Since the Charlottesville, Virginia rallies in August, which left one woman dead, the AltRight and other pro-white activist groups appear to have changed tactics. Instead of marching with tiki torches, they’re sending out mail to further agendas. Pro-white hate groups have also attempted to become more socially acceptable in recent years, replacing words like “genocide” with “ethnic replacement,” not using “white nationalist,” and choosing “identitarian” instead.
Groups like the KKK also maintain that whites may not be superior, but that whites need a homeland of their own. Instead of saying, “purge non-white people,” they twist semantics to call such minority groups criminals, rapists, and terrorists.
Halfway through the letter, the writer quoted a line from the book, which the KKK finds hateful.
“There will come a time when blacks stop praying for salvation and start praying for bombs of their own,” the letter stated.
“Who says that? That’s the kind of hateful talk that can start a racial uprising, and is about as un-American as you can get. Most Americans we talk to support the banning of this book. Brown or colored or white it should make no difference. Hate is hate.”
The KKK is currently attempting to apply pressure on Google to have the website taken down.
“They’ve been sending those to school papers for a while if they got down to the V’s,” Jenni Lou Russi, a media teacher and editor at Valley City State University said. She found the letter in school mail on Tuesday.
The envelope is handwritten, but the letter is typed, a form letter, with the KKK logo on the upper left hand side. The incident isn’t Russi’s first brush with racist organizations. A few years ago someone put a swastika on the sidewalk in front of her house the night before the first night of Chanukah.
“Is this demographic their market?” Russi said. Why were college newspapers targeted instead of professional media?
Jack Hastings, editor in chief of NDSU’s “The Spectrum,” said he had just received the letter, and wasn’t sure what his office was going to do with it yet.
“I guess I’m surprised and slightly disturbed by it too,” Hastings said. “First off, the presence of a group such as the KKK surprised me, but now they’re targeting college campuses.

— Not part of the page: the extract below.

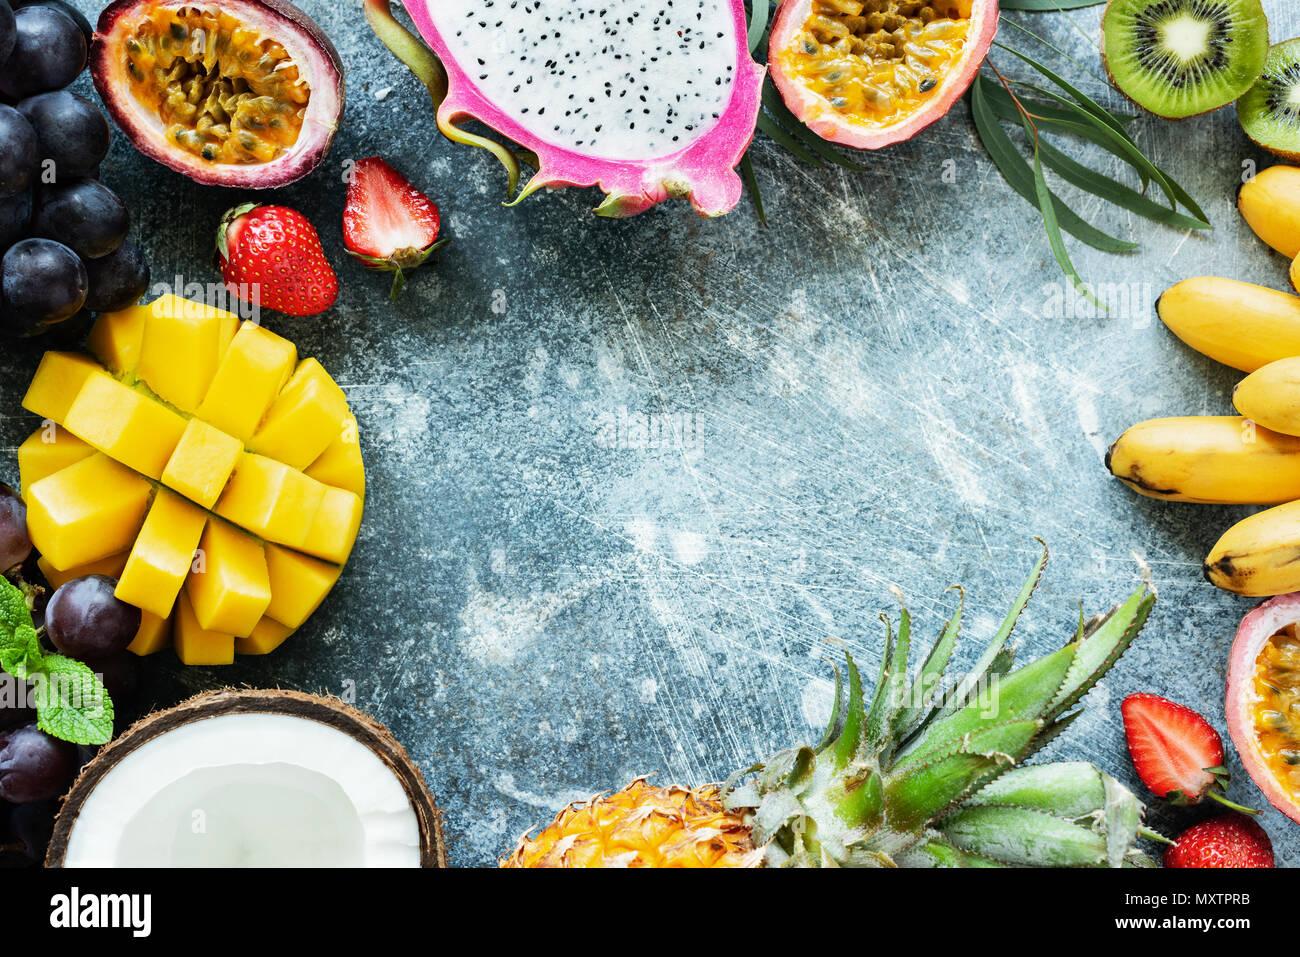 Telaio di fresca frutta tropicale su calcestruzzo sfondo con copia spazio per testo, vista dall'alto. Concetto di estate, frutti esotici, vegane e paleo dieta Immagini Stock

Seeing this delivered to our office is upsetting to me.”
College campuses are places of study, full of potentially susceptible minds eager to learn more about the world they’re preparing to enter.
“Most college papers are pretty liberal, maybe they’re trying to sway that,” Hastings said. “This letter seems like a call to action. It has the potential to maybe grow, and it could pick up easily on a campus, more than a city newspaper.”

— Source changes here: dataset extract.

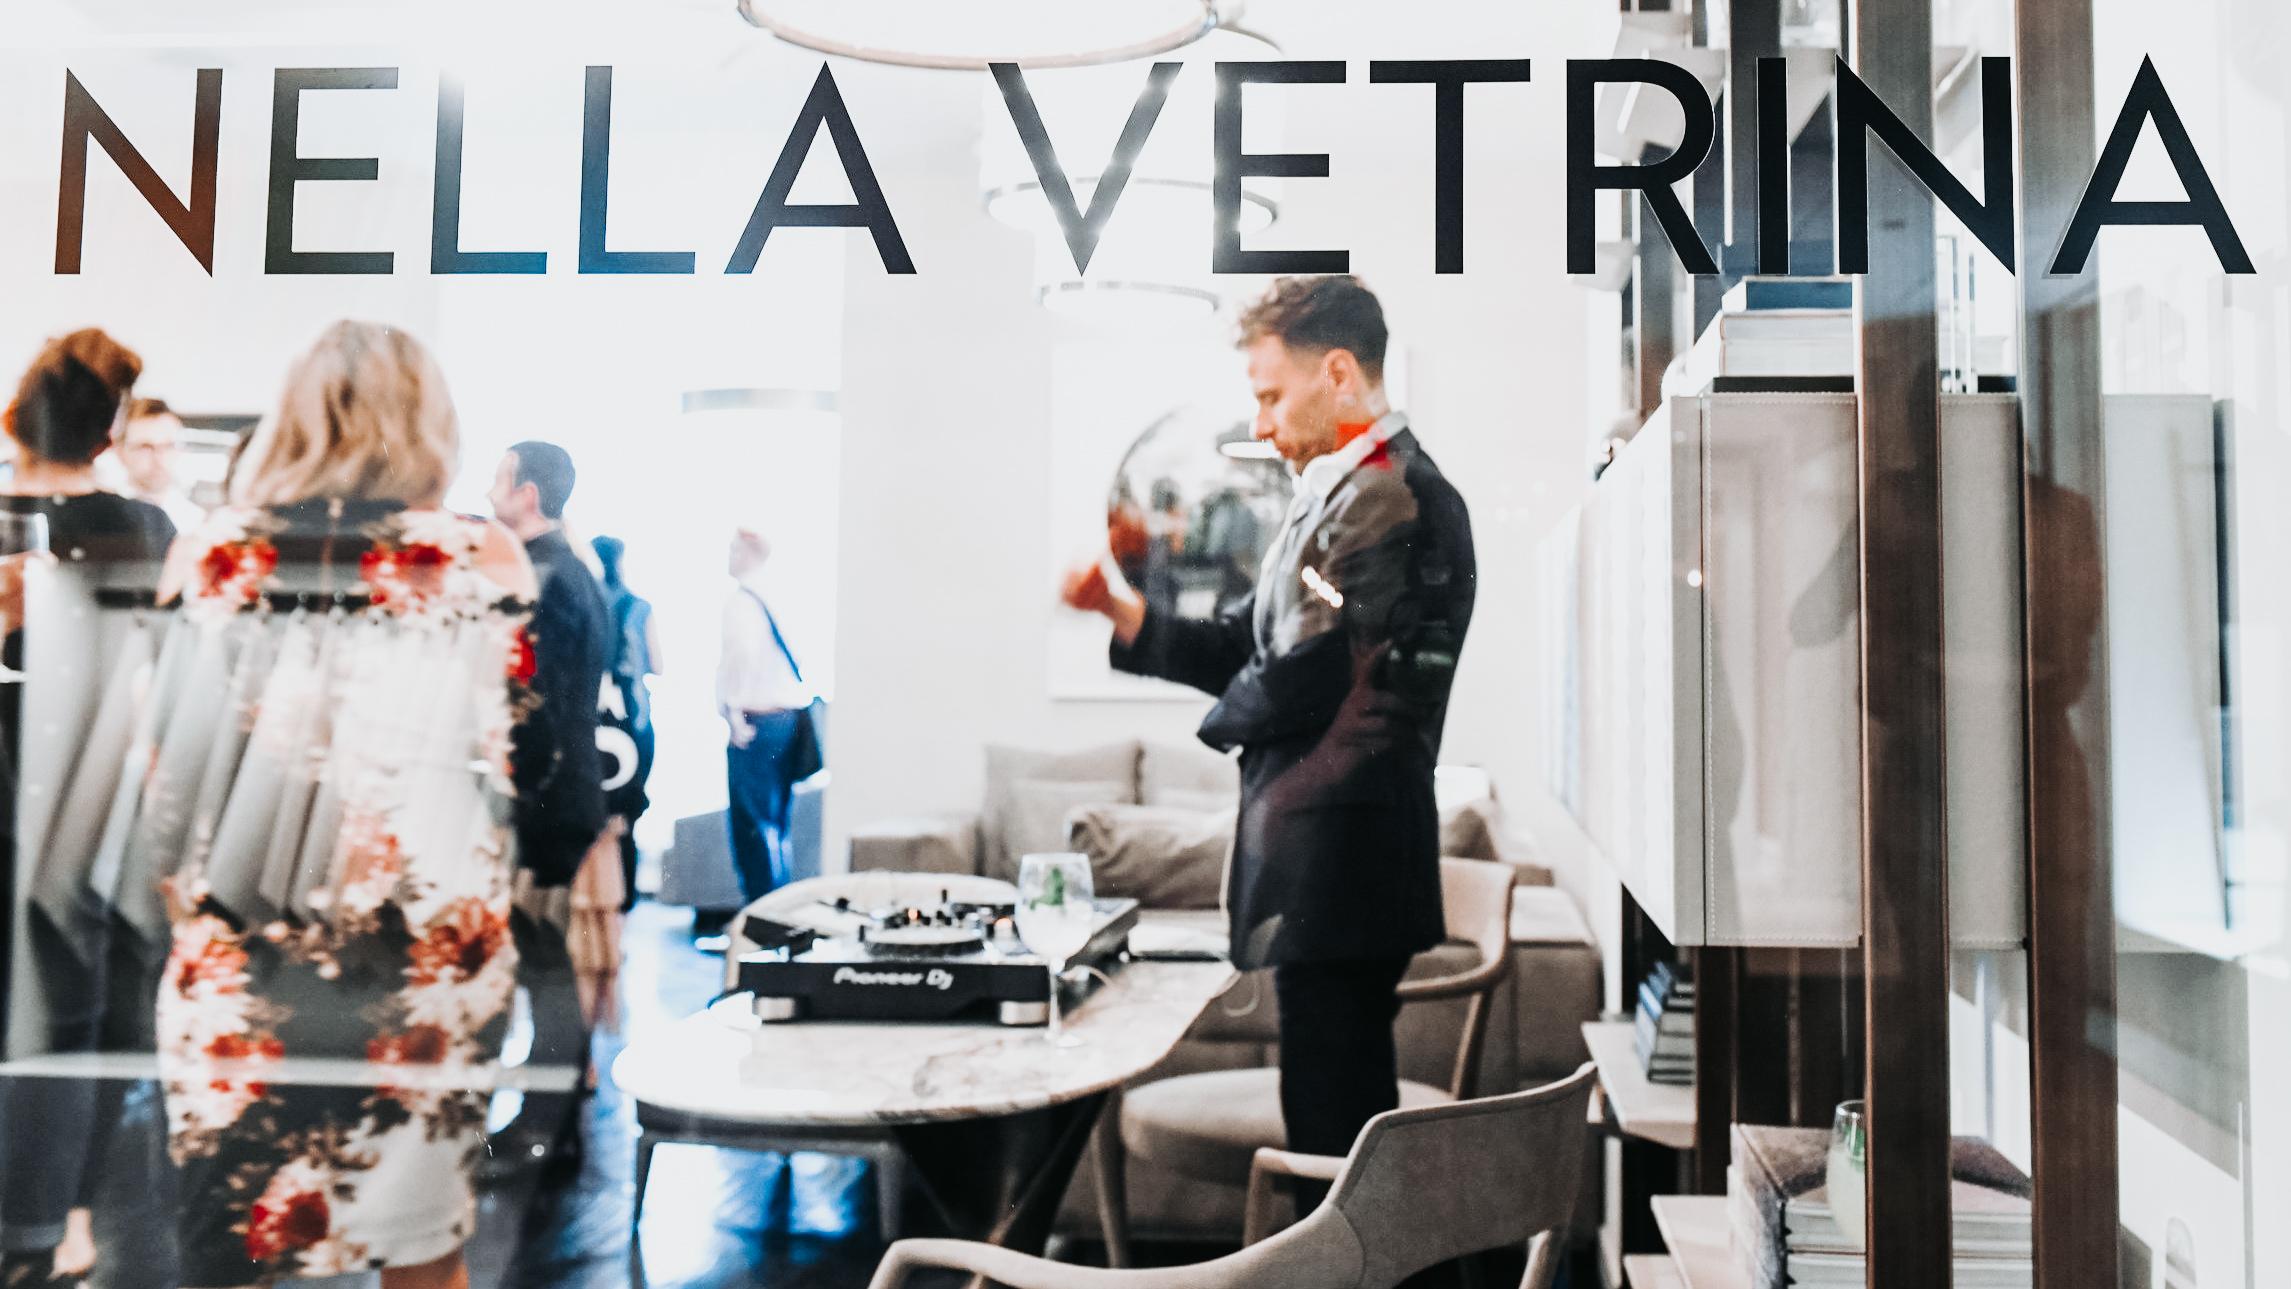 Hospitalityin Italian - nellavetrina.com

About a week ago, the campus was hit with “Identity Evropa,” white supremacist posters, which were quickly taken down, Hastings said. “Identity Evropa” is a defined as a racist white supremacist organization by the Anti-Defamation League, and designated as a hate group by the Southern Poverty Law Center.
Despite hate group attempts to reach out to college students, Hastings said he believes most people won’t be persuaded.
“It seems like everyone is aware that this is not ethical or even moral,” Hastings said. “I feel like the public here is pretty accepting and accommodating to people when it comes to race.”
Other university newspapers were called for comment, but would not go on record or could not be reached.